Algunas de las víctimas fatales de la erupción del monte Vesubio en el año 79 —una de las erupciones volcánicas más catastróficas de la historia, que arrasó con la ciudad romana de Pompeya— murieron a causa de una evaporación súbita de los fluidos corporales y una consecuente explosión del cráneo a causa de una presión extrema en su interior, señala un estudio publicado el pasado 26 de septiembre en la revista PLOS One.
Un equipo de expertos de la Universidad de Nápoles Federico II (Italia) examinó los restos óseos humanos desenterrados en doce recámaras de la zona costera de la antigua ciudad de Herculano, que también fue alcanzada por la erupción volcánica, detalla el portal Science Alert.
Los investigadores descubrieron extraños residuos minerales de color rojo y negro tanto en los huesos como en el interior de los cráneos, así como en las cenizas que se encontraban tanto alrededor como en el interior de los restos humanos.
Luego, los científicos analizaron esos materiales mediante técnicas de espectrometría de masas con plasma acoplado inductivamente (ICP-MS) y de microespectroscopía Raman para determinar su composición química.
De esta manera, los autores del trabajo detectaron en los restos la presencia de hierro, así como de óxidos de hierro, y llegaron a la conclusión de que esos materiales son residuos sanguíneos que se formaron cuando la sangre de las víctimas del volcán hirvió y se convirtió en vapor a causa del calor extremo.

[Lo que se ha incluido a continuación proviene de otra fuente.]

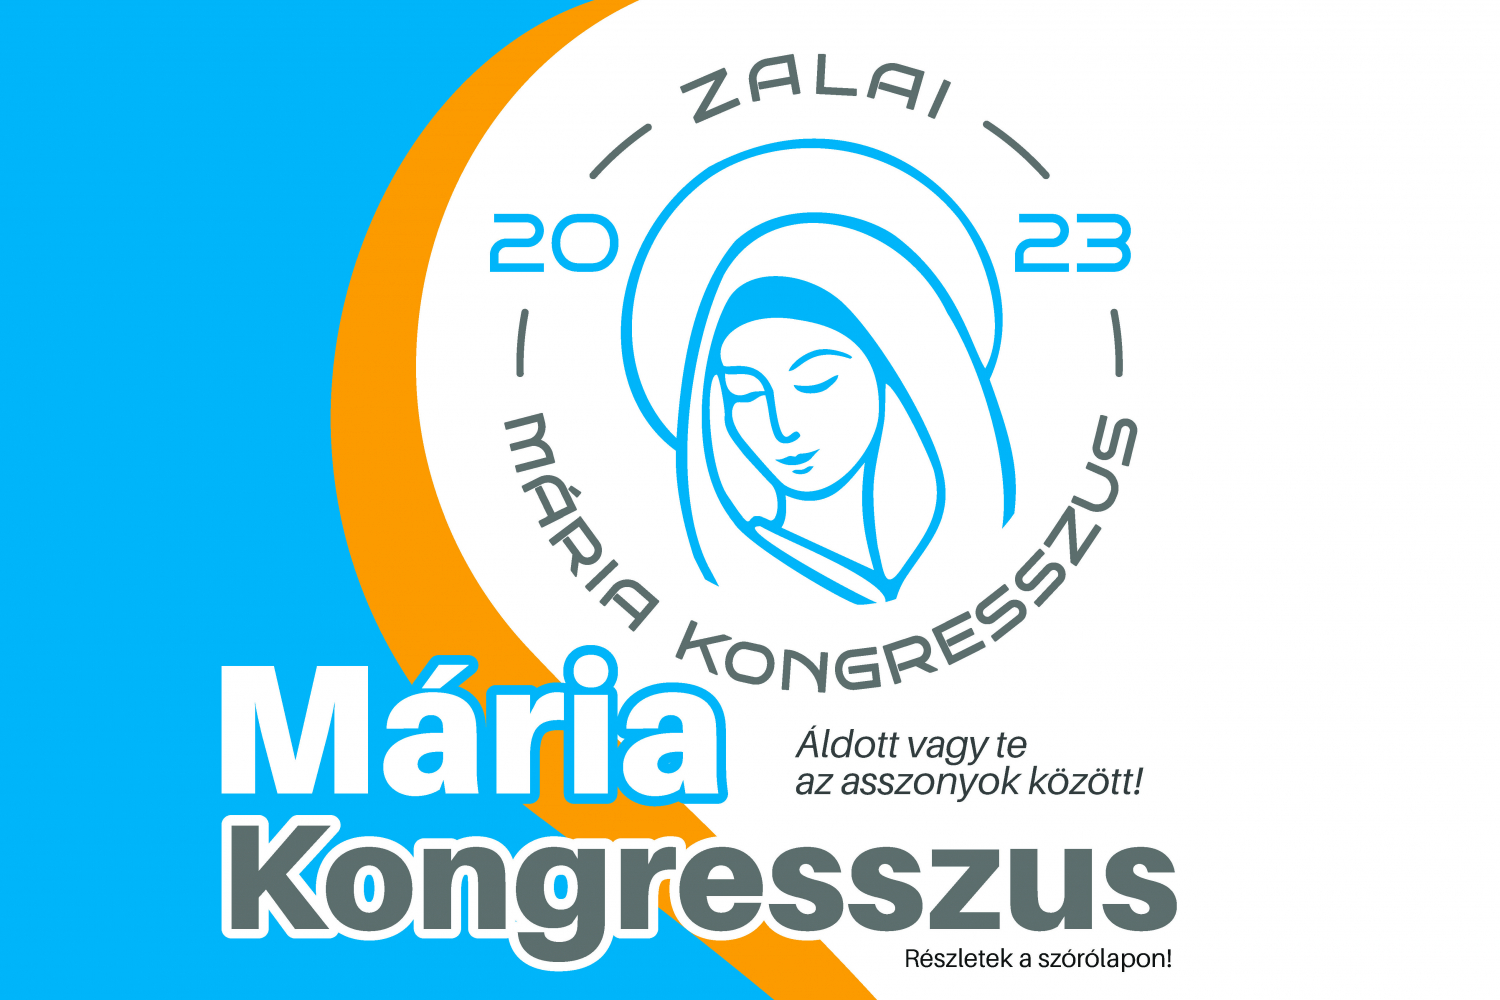 Mária Kongresszust rendeznek Zalaegerszegen
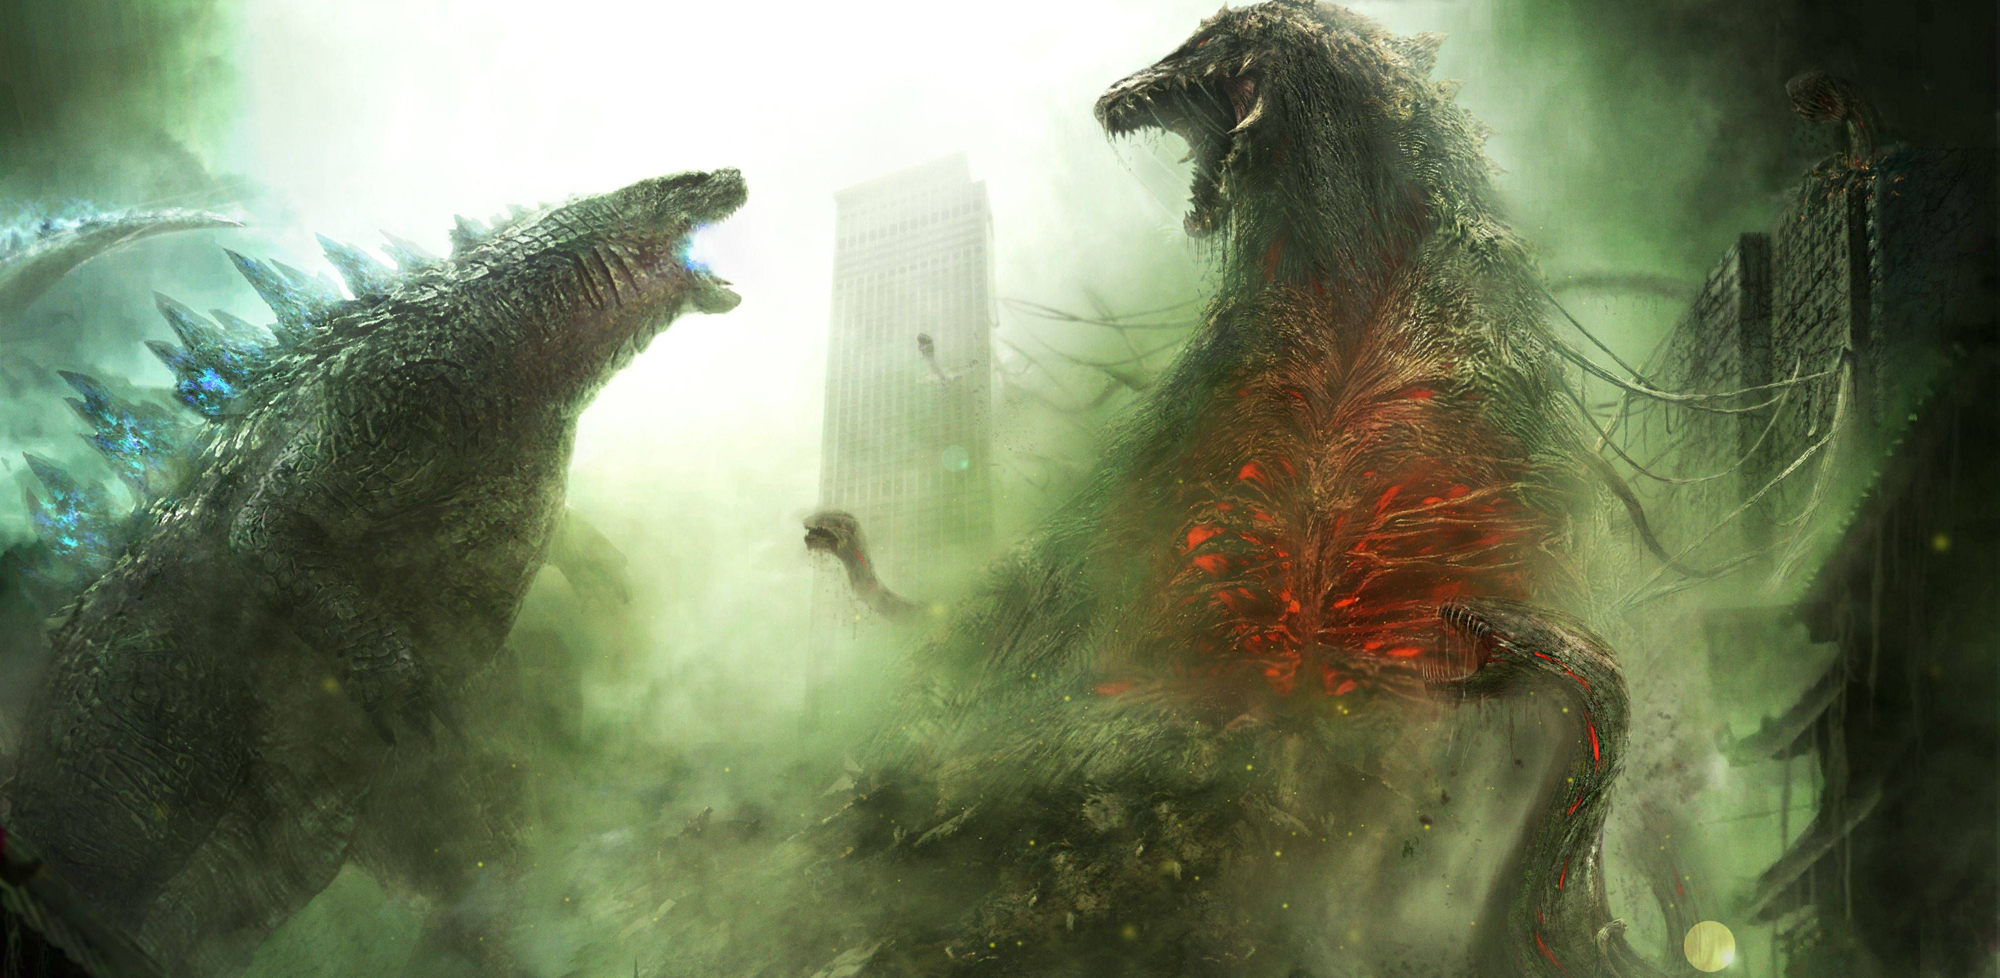 General 2000x978 Godzilla Biollante creature battle digital art movies science fiction kaiju

Las zonas carbonizadas alrededor de las fracturas en los huesos y cráneos, similares a los que se forman en los restos humanos cremados, "son el resultado combinado de la exposición directa al calor", así como "un incremento en la presión de vapor intracraneal inducido por la ebullición del cerebro" lo cual pudo producir, a su vez, "una explosión del cráneo", precisaron los investigadores en la publicación.
De esta manera, cerca de tres centenares de personas que se refugiaban en las recámaras costeras al momento de la erupción sufrieron una muerte violenta e instantánea tras ser envueltos en una corriente piroclástica de entre 200 y 500 grados centígrados que se desplazaba a una velocidad de entre 100 y 300 kilómetros por hora.